What the best VCs and entrepreneurs should expect from each other

From an interview with Mark Andreessen:

There’s a whole bunch of theories on how to build tech companies. A key one that we have is that it’s a long-term exercise. There’s nothing short-term about it. There’s nothing transactional about it.

It’s finding the very, very special entrepreneurs and business builders. It’s backing them to the hilt, and it’s backing them through very difficult times. Every new company goes through tremendous challenges. Ask any entrepreneur in the Valley how their company’s going. “Oh, it’s going great. Everything’s fine.” But internally they’re always about to throw up. Because there’s always something going wrong. Some key employee is about to quit, or some new competitor has popped up, or some product has slipped, or some customer is suing you, or some crazy thing is happening. There’s nothing easy about building a business.

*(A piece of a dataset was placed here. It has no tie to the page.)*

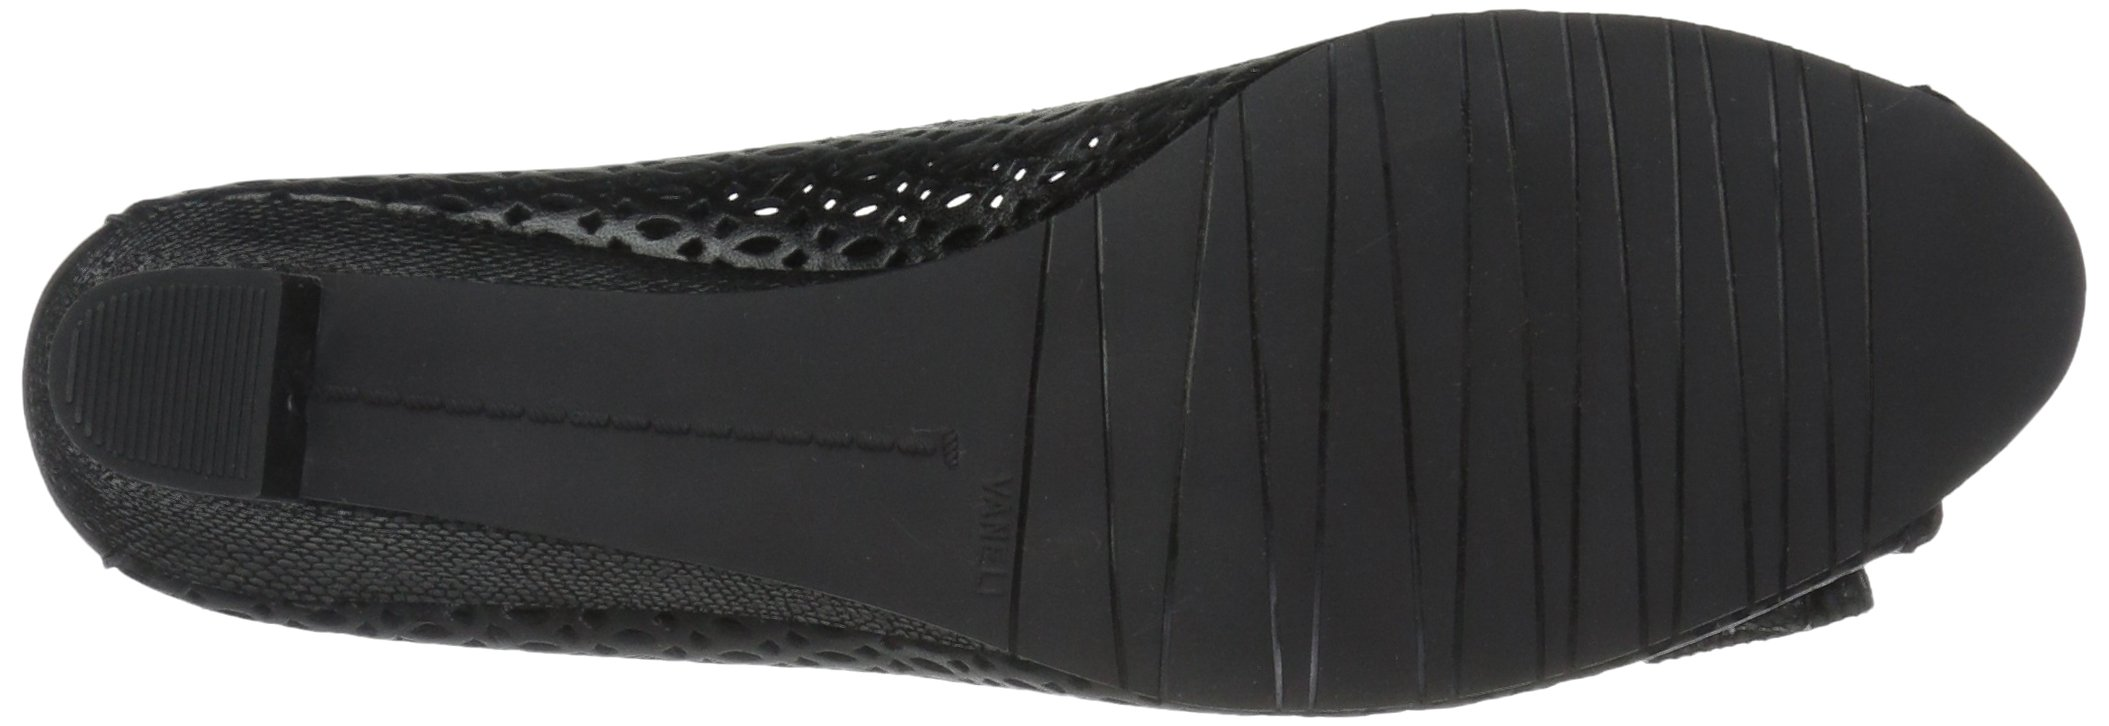 VANELi Women's Brinly Wedge Sandal, Black Perfed Nappa/Black Summer VIP, 9.5 N US by VANELi (Image #3)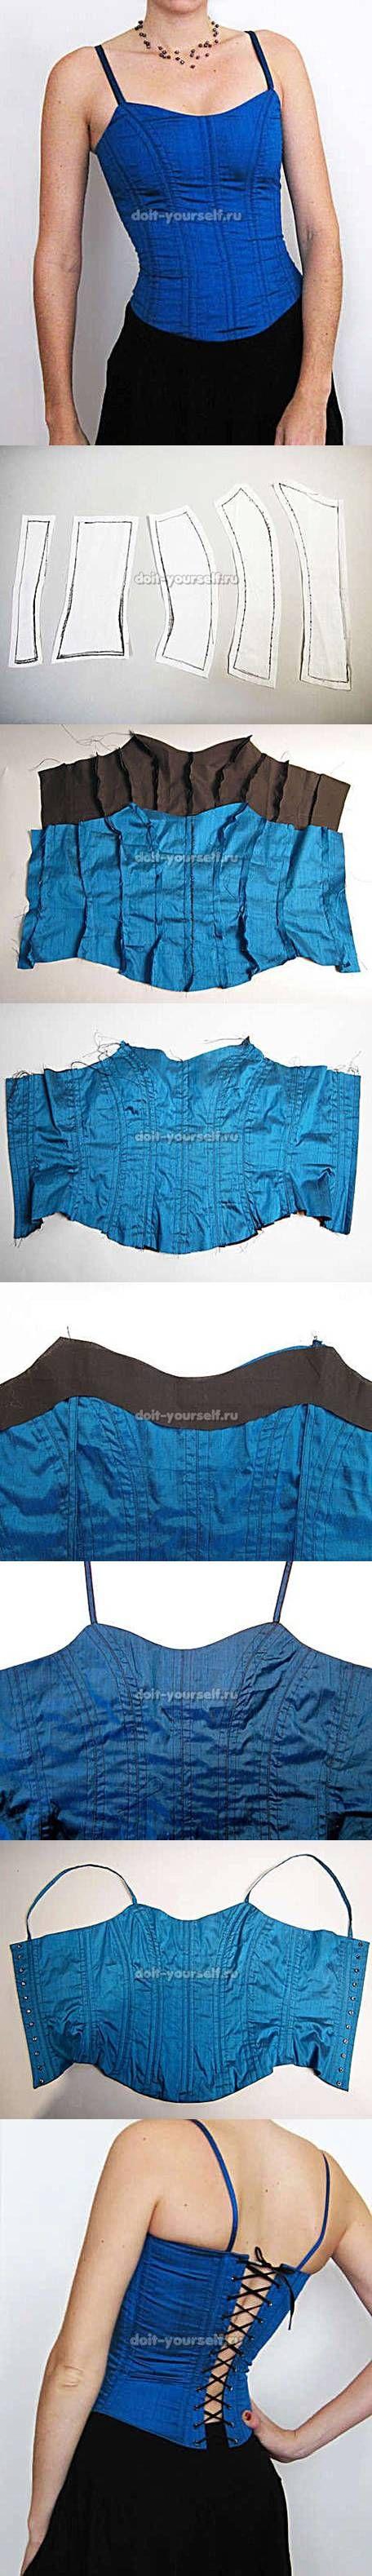 chrome hearts underwear DIY Stylish Tank Top

And then you have to have a long time horizon. The great franchises get built over 10, 15, and 20 years. And the really great franchises like Hewlett-Packard, IBM, Intel, Cisco, and Oracle get built over 40 or 50 years. We just look at the history of the industry, and the companies that have had all the impact are the ones that had this kind of orientation. They had a founder, typically the founder running the company for decades, typically a real commitment to innovation, to R&D, which requires a very long time horizon. And they either had supportive investors, or they figured out how to force the nonsupportive ones out. And so we think there is a model for how to do this.

…One of the things we try really hard to do is only back founders who have a long-term mentality. If they come in and have a slide that says, “Exit strategy, M&A,” whatever, we don’t invest.